> What the task requires:
What is needed is a verbatim copy of every record below, with the pictures left out.

[Extracted data entries]
----
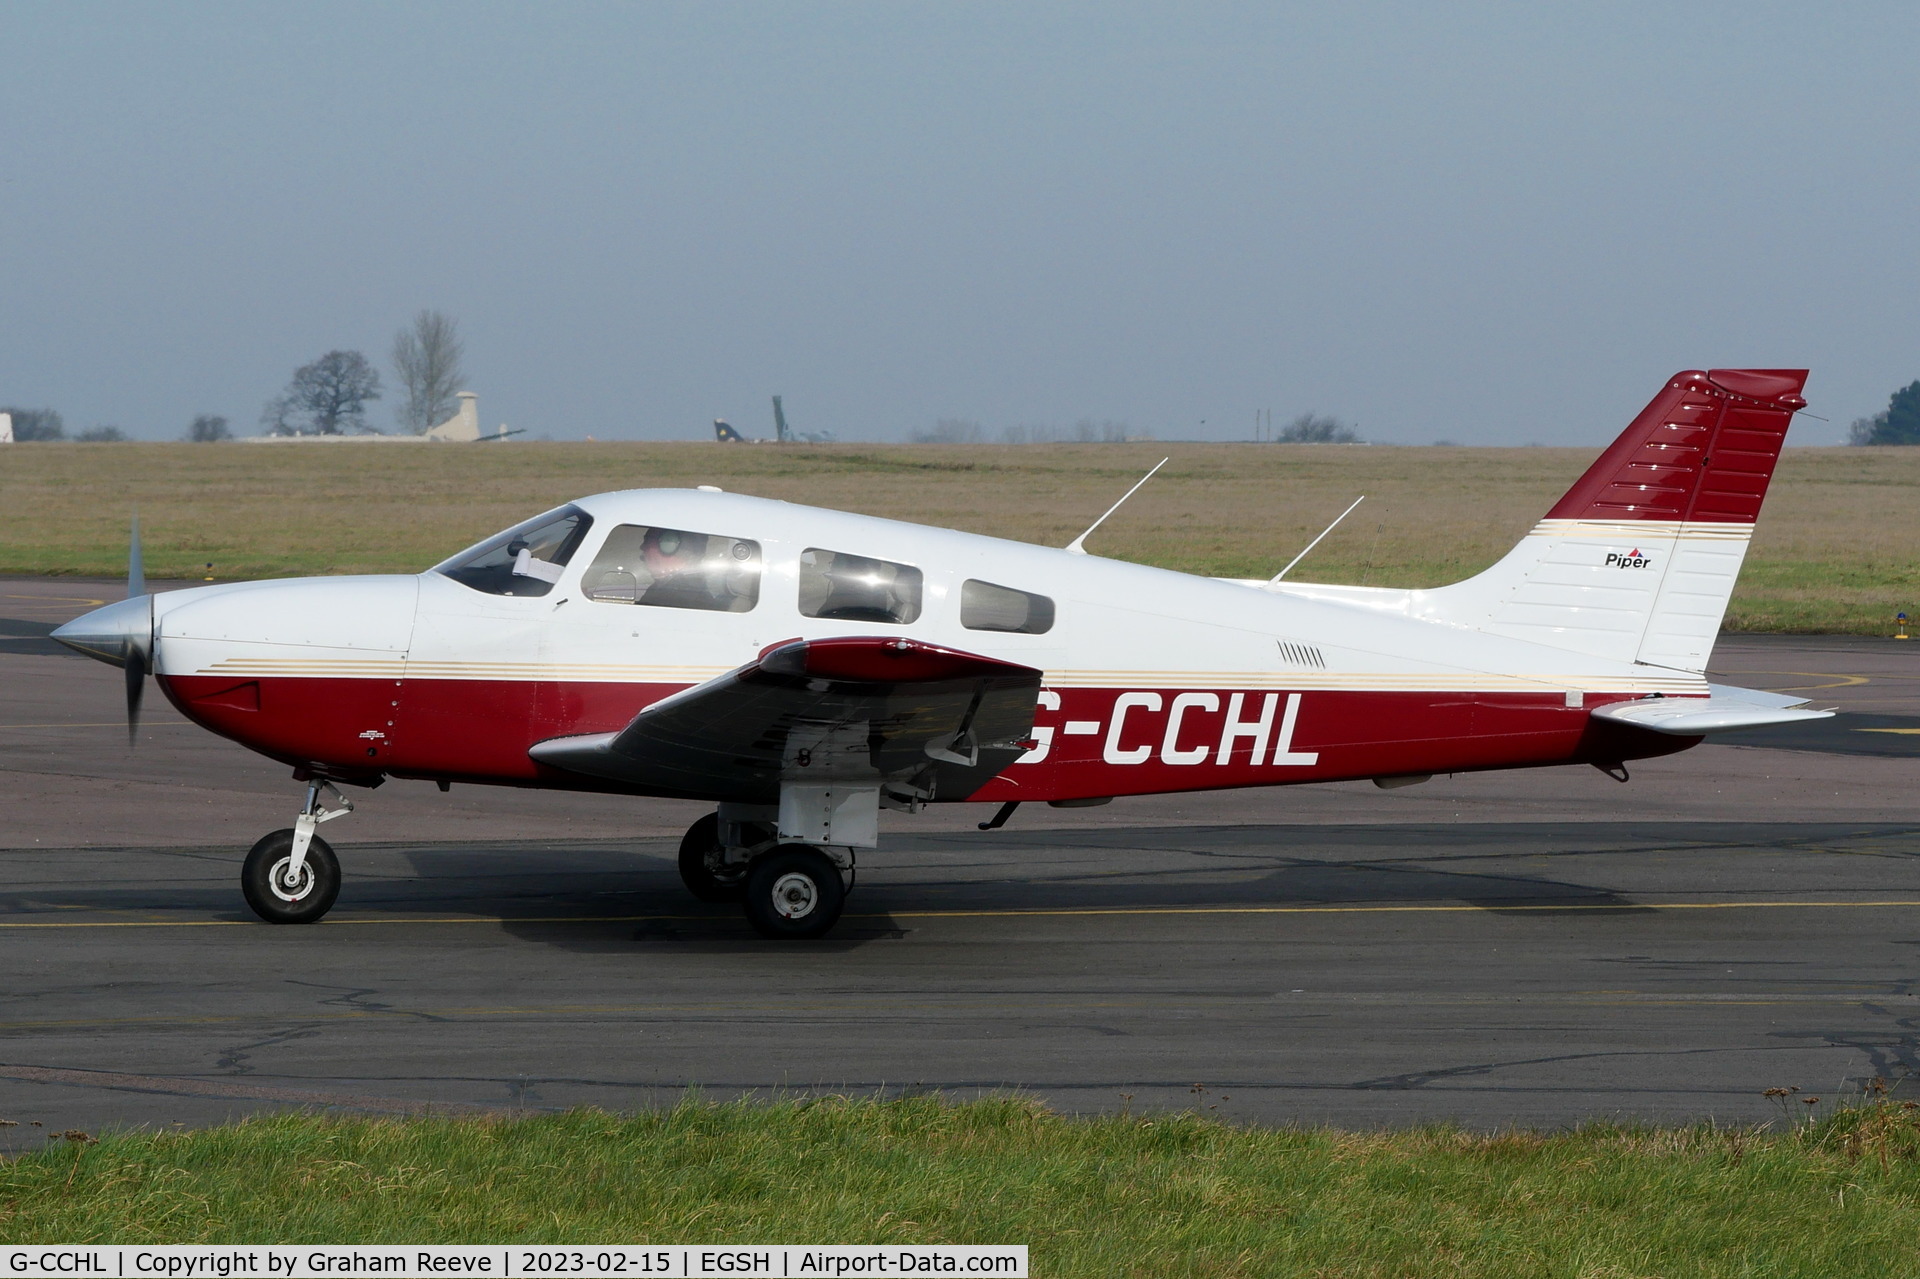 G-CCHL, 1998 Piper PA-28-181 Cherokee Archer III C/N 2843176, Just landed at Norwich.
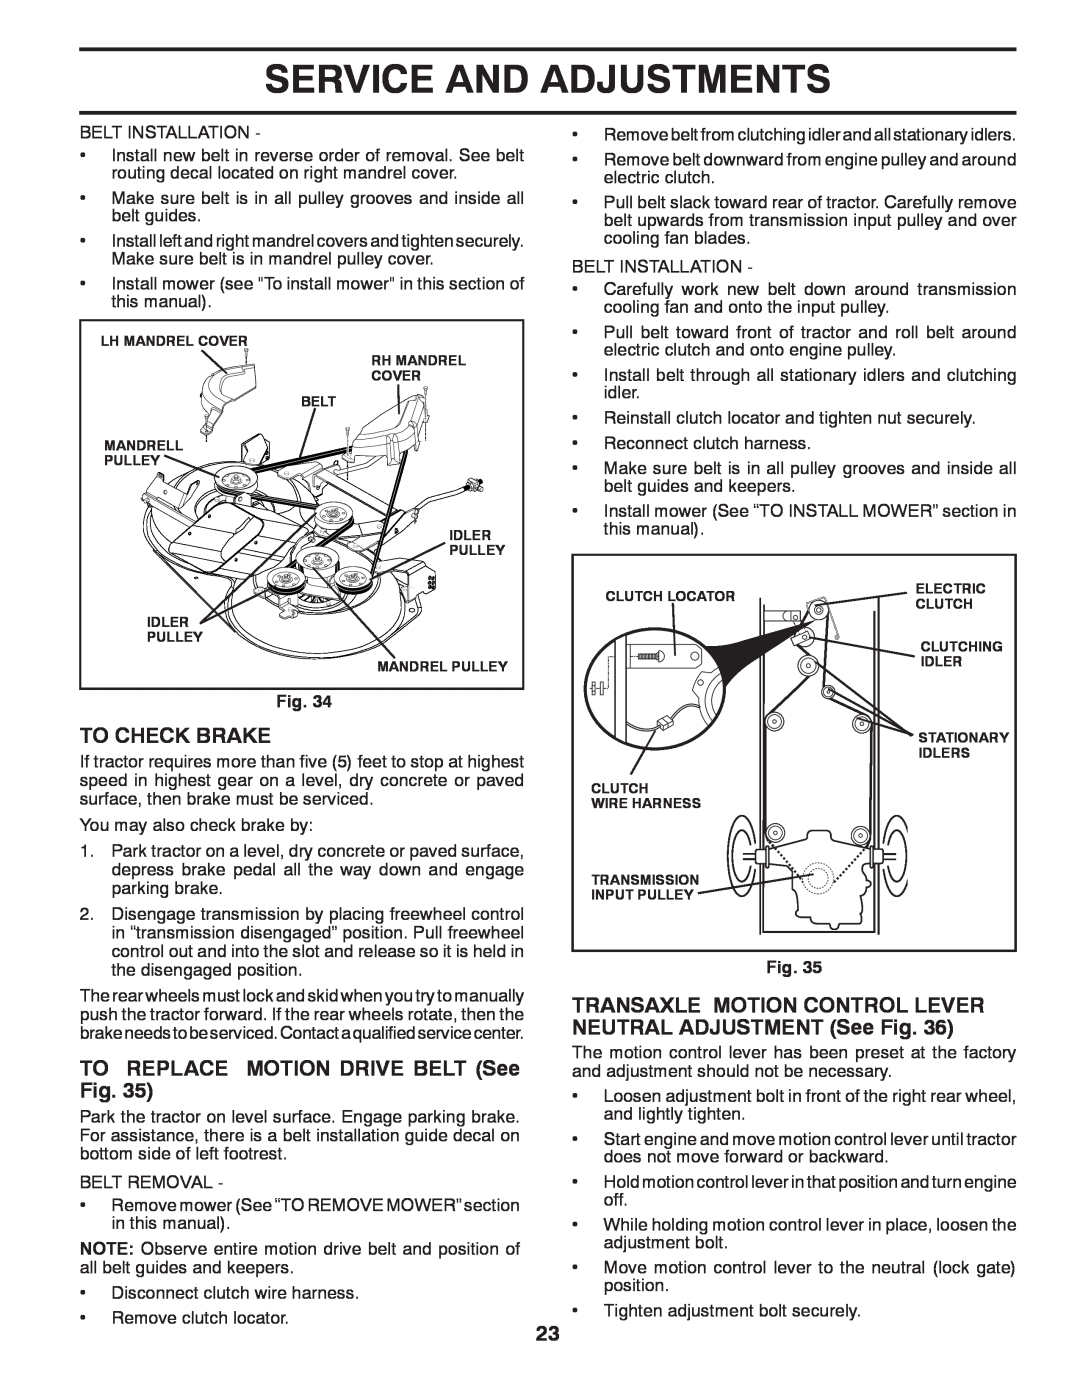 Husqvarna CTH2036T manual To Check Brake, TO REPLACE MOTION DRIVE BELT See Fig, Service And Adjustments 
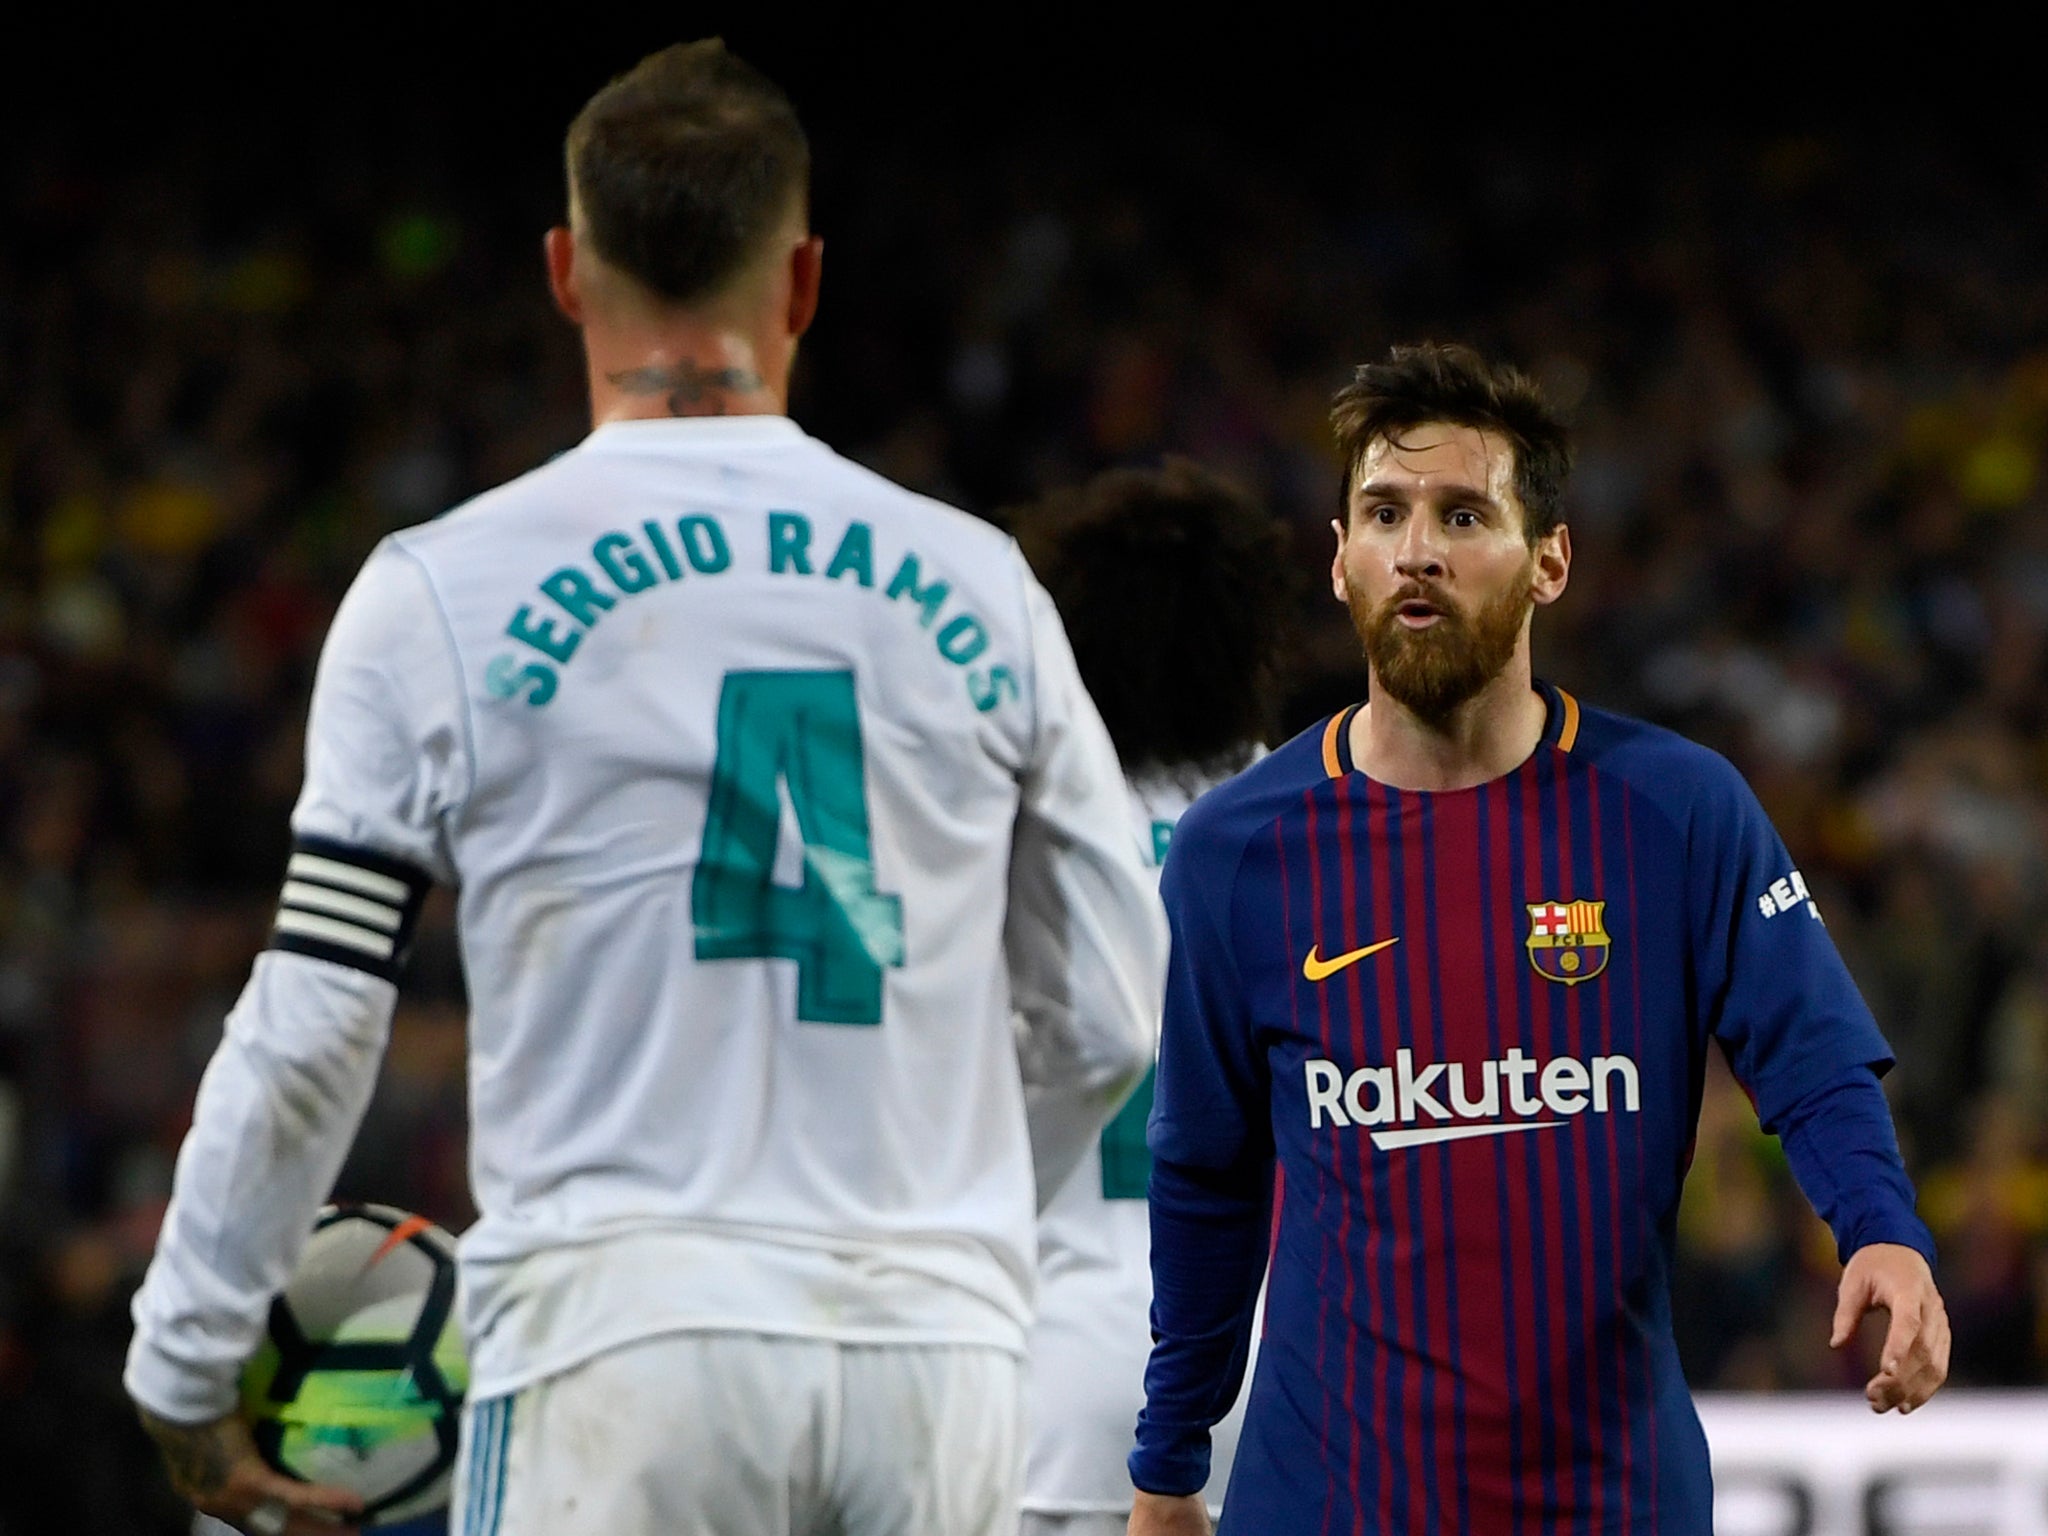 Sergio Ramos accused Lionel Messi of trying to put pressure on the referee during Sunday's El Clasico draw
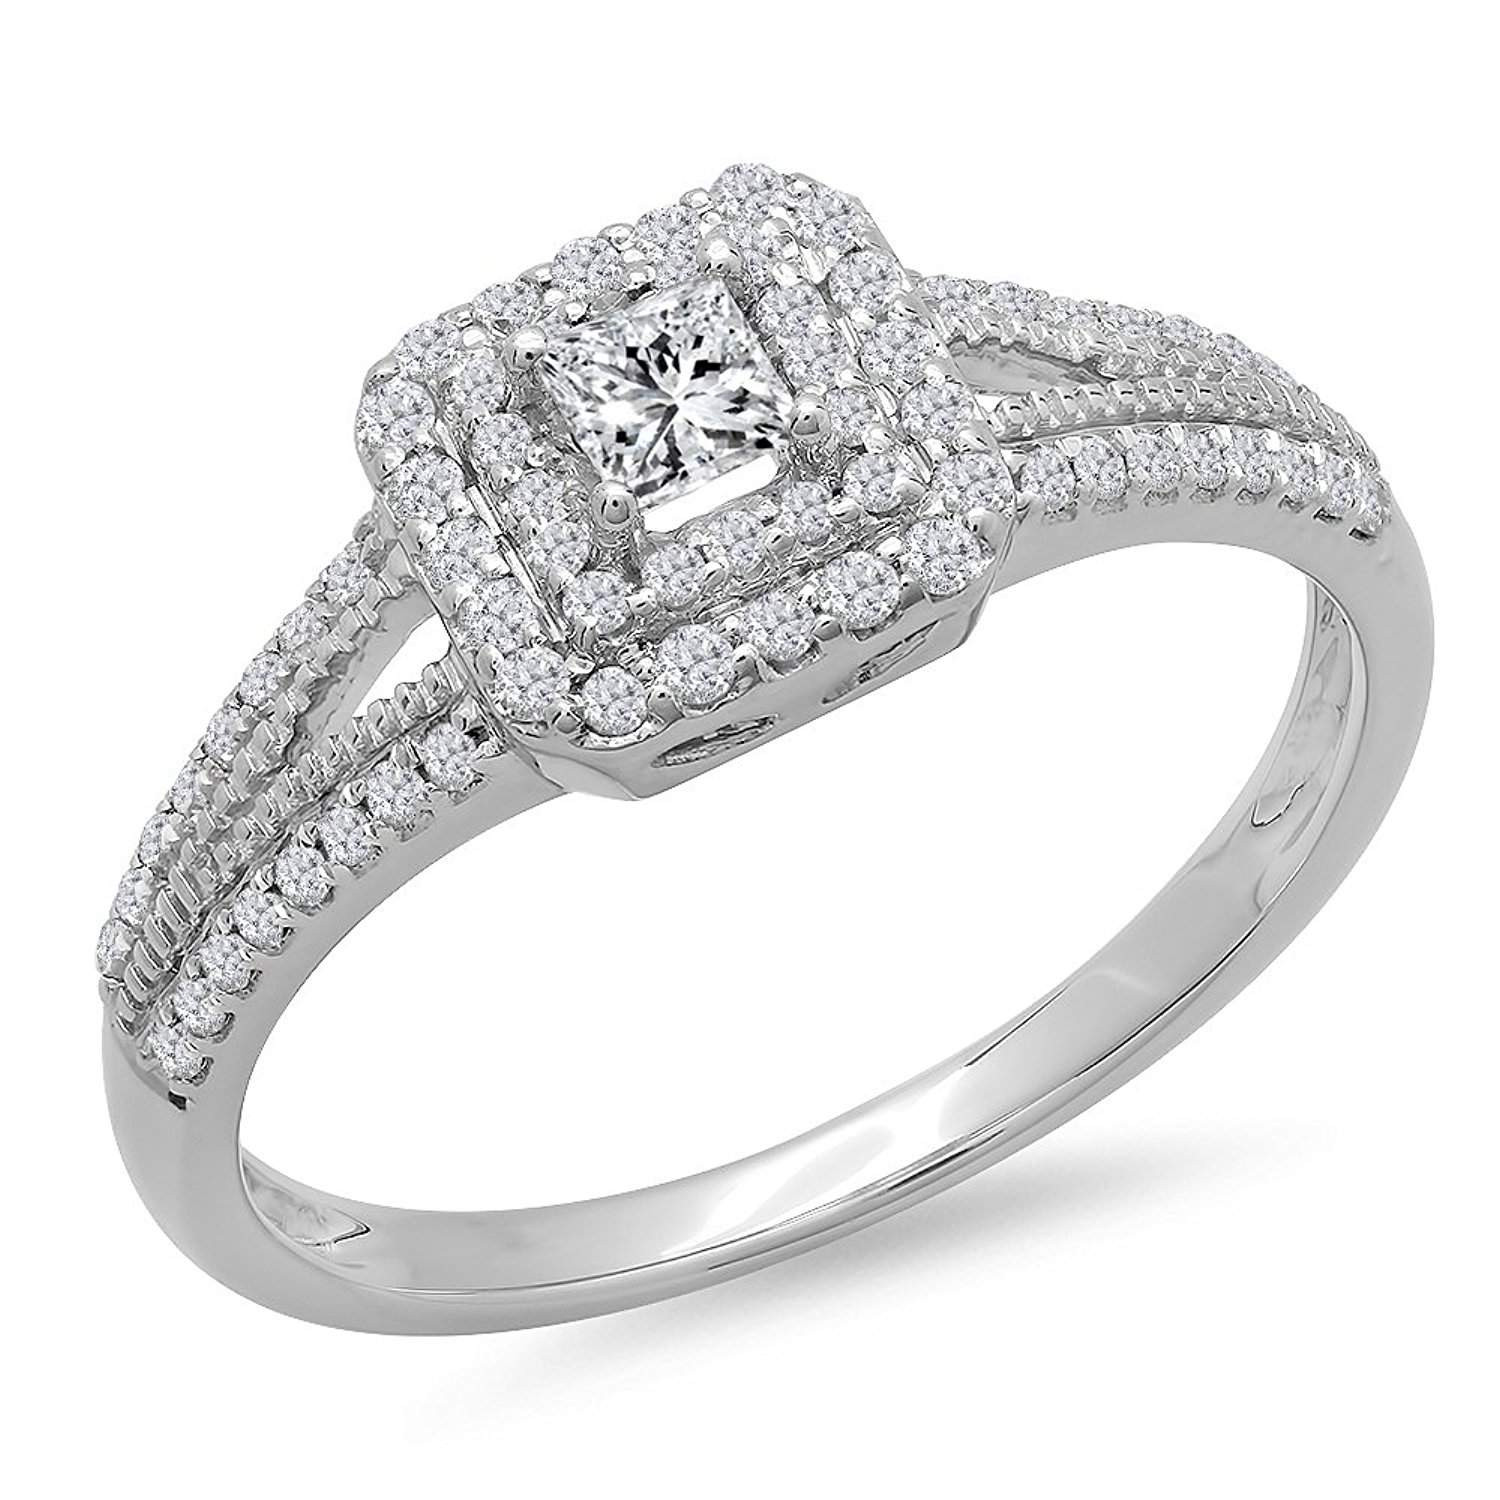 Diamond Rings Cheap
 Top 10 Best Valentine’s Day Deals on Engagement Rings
----
> Expected output:
 G-CCHL, 1998 Piper PA-28-181 Cherokee Archer III C/N 2843176, Just landed at Norwich.
 Husqvarna CTH2036T manual To Check Brake, TO REPLACE MOTION DRIVE BELT See Fig, Service And Adjustments 
 Sergio Ramos accused Lionel Messi of trying to put pressure on the referee during Sunday's El Clasico draw
 Diamond Rings Cheap
 Top 10 Best Valentine’s Day Deals on Engagement Rings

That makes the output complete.